**PROBLEM TO WORK ON**
Do not include the pictures; repeat the rest of the data exactly.

**RECORDED INFORMATION**
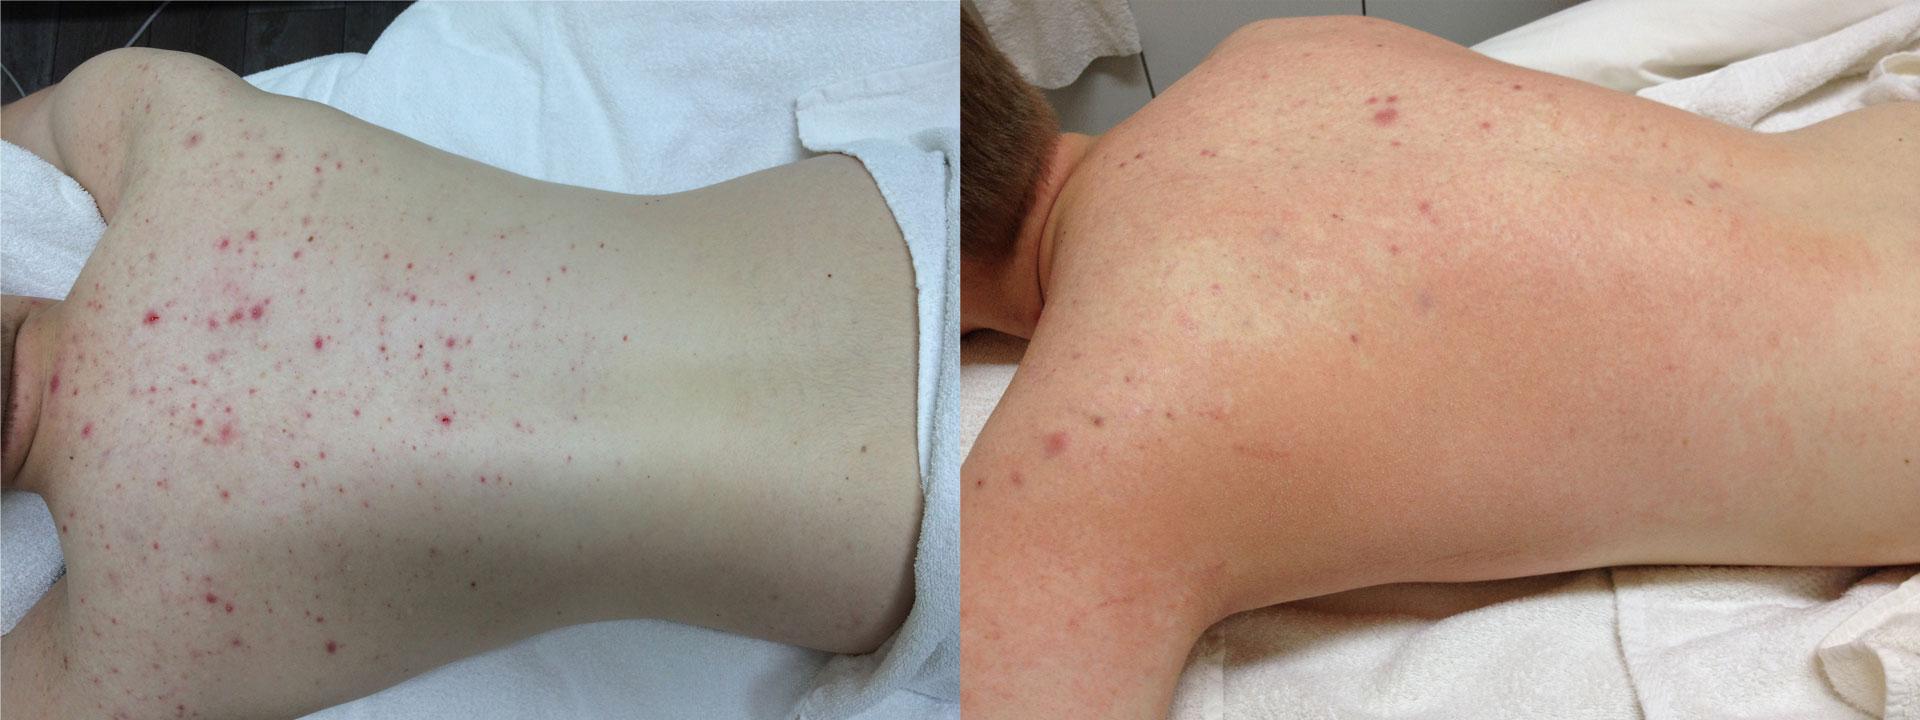 bumser på ryggen behandling
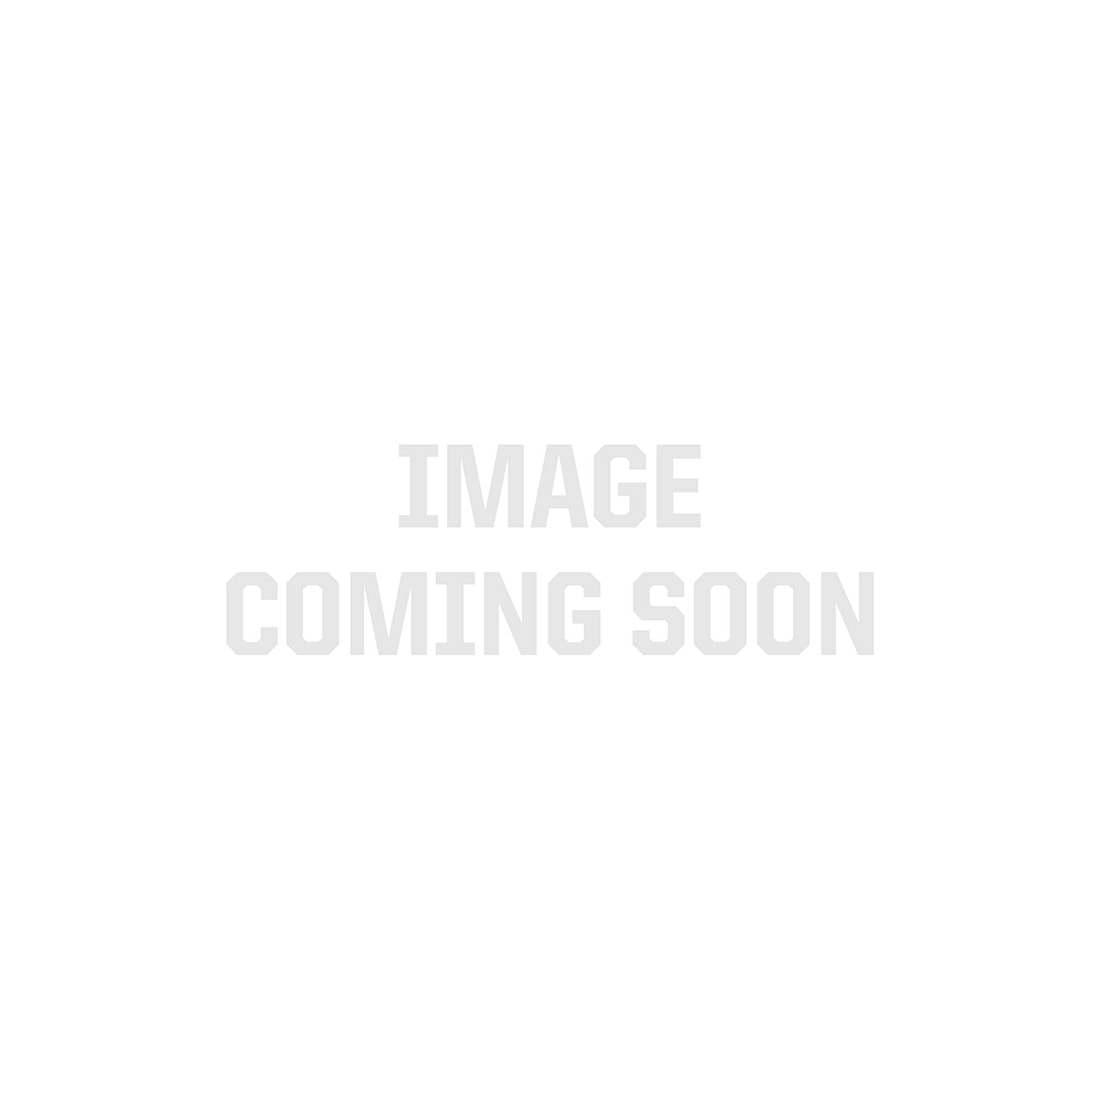 Amber 3528 LED Strip Light, 60/m, 8mm wide, Sample Kit
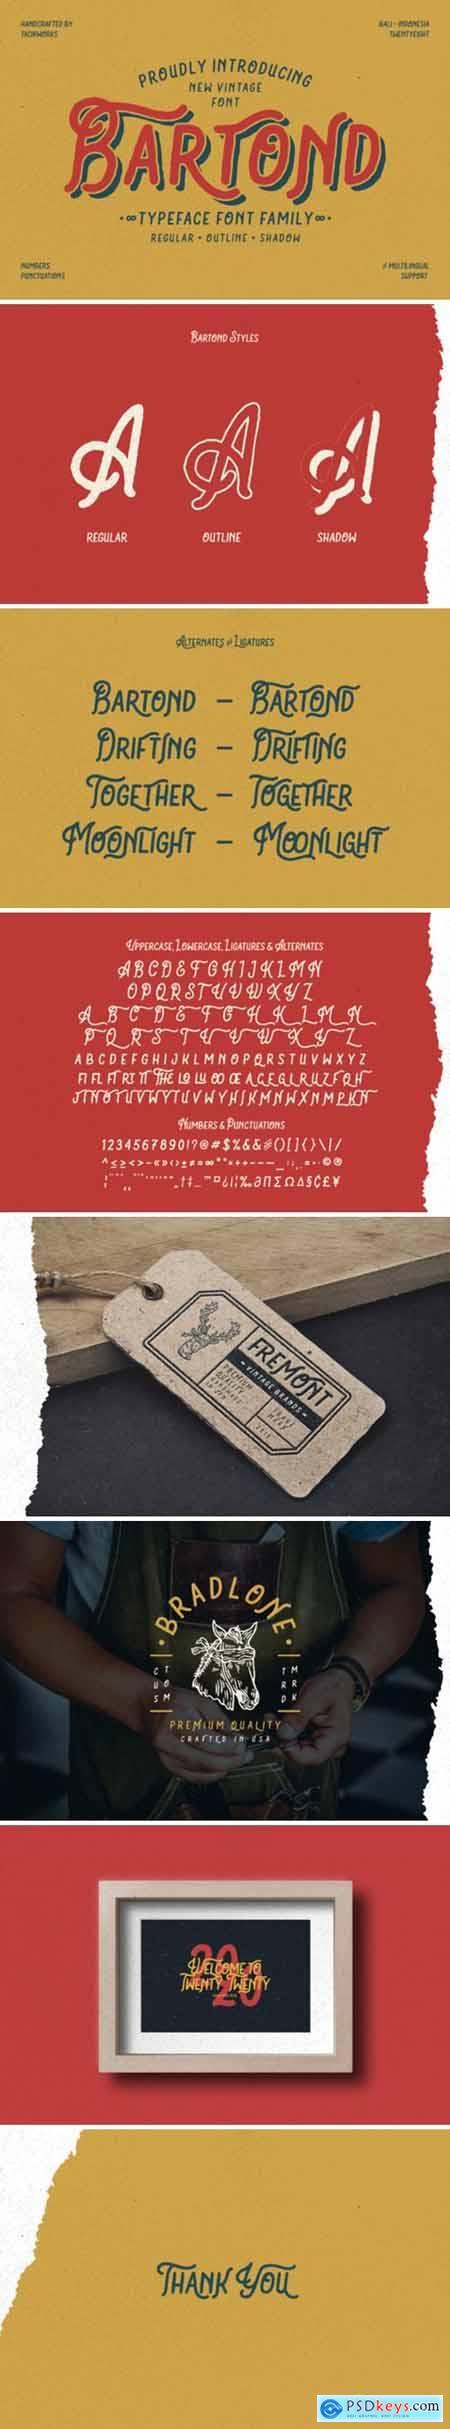 Bartond Typeface 4428876

**OUTPUT OF THE TASK**
 bumser på ryggen behandling
 Amber 3528 LED Strip Light, 60/m, 8mm wide, Sample Kit
 Bartond Typeface 4428876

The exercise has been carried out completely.